# Busker? Let's talk.



## DesertRat (Feb 11, 2015)

Hey all! Sorry for being so quiet over the past few months; was dealing with a terminally ill sibling...even put my show on hiatus for a time.

Anyway, here's the deal: I have an internet radio show called Totally Random Radio. Some of you may remember it; I had Matt Derrick on it last year.

For those who haven't heard of it, it's a weekly (now twice a week) show where I spotlight basically whoever I want, for whatever reason I want.

My topics are usually Indie/Unsigned Artists, but I don't always stay on that path.

There's so much excellence in music out there if one would simply take the time to stop and listen, and most times it's right there in front of peoples faces: on a sidewalk, a street corner, subway entrance...

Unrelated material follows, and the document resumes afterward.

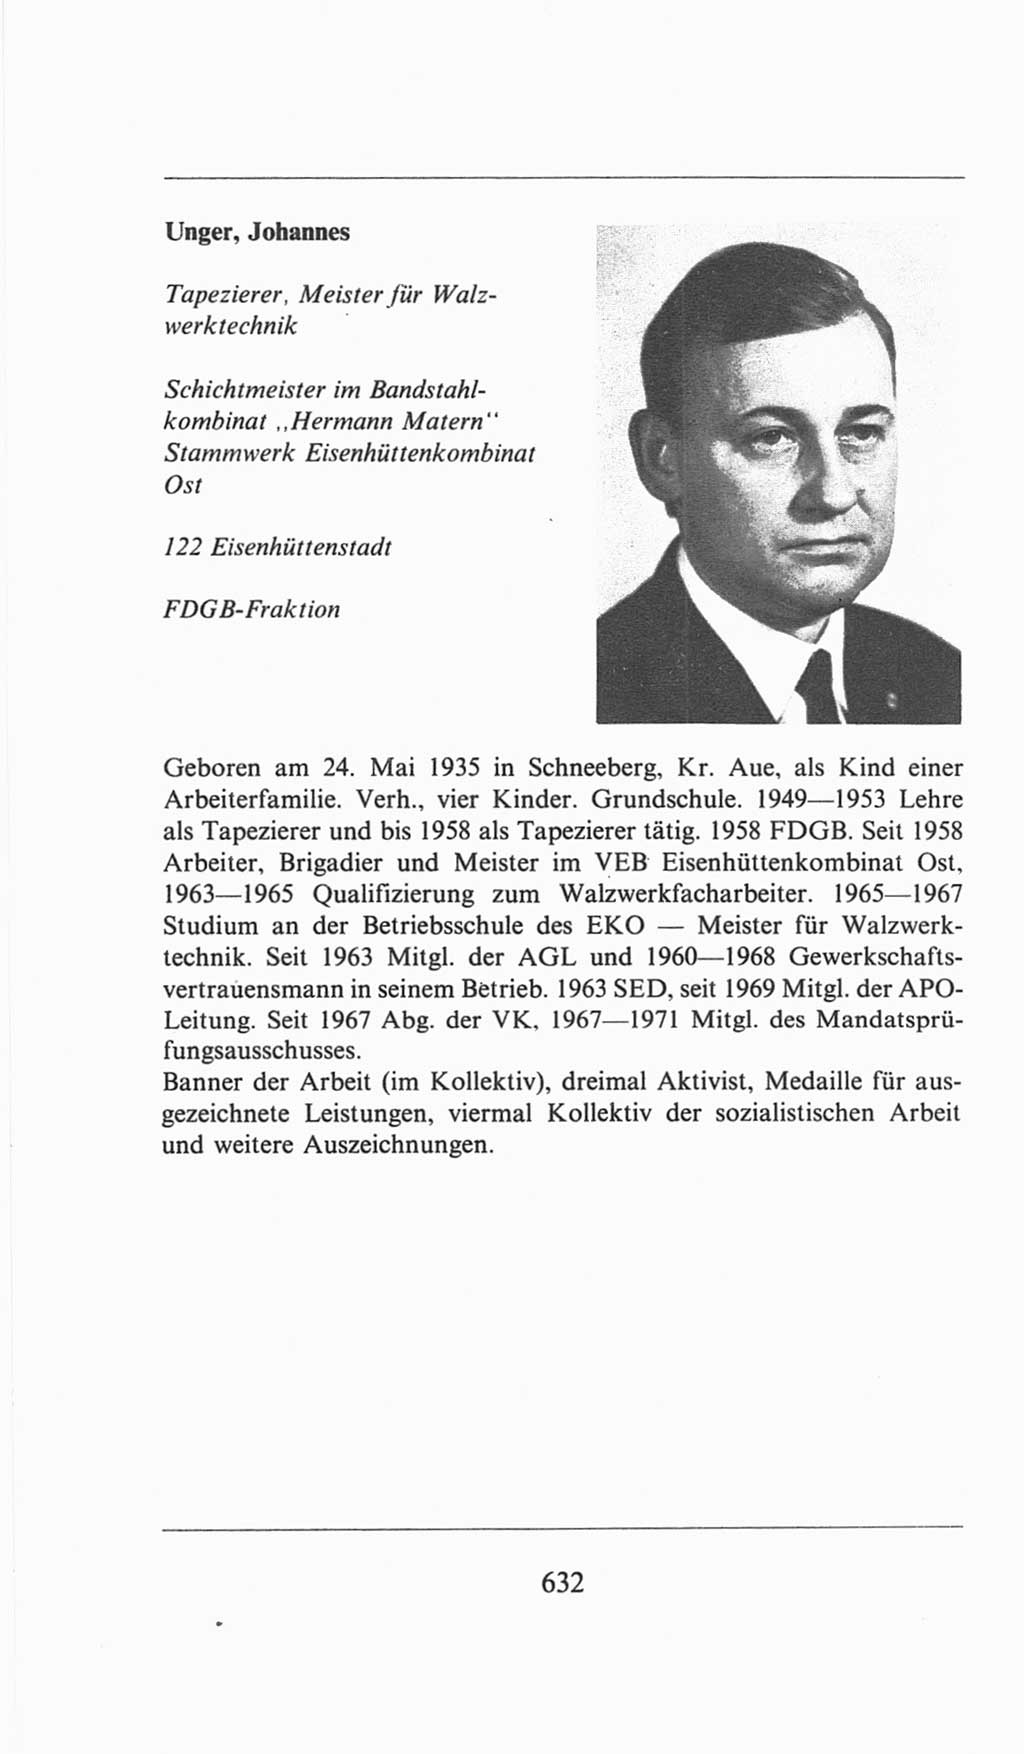 Volkskammer (VK) der Deutschen Demokratischen Republik (DDR), 6. Wahlperiode 1971-1976, Seite 632 (VK. DDR 6. WP. 1971-1976, S. 632)

Buskers, this is your moment to shine! I want the world to hear you and your sound. I can offer nothing in compensation beyond exposure and bragging rights that you were featured on a radio show that has listeners all over the world.

So whadaya say? Want to give it a shot? Message me here.

If you have doubts (and I don't blame you if you do), Matt can tell you how chill I am.


----------



## CelticWanderer (Feb 14, 2015)

https://soundcloud.com/cage-pacer heres some shitty recordings of some songs my friend and I made
/edit, holy shit i havent listend to these in a /while/ its making me cringe.


----------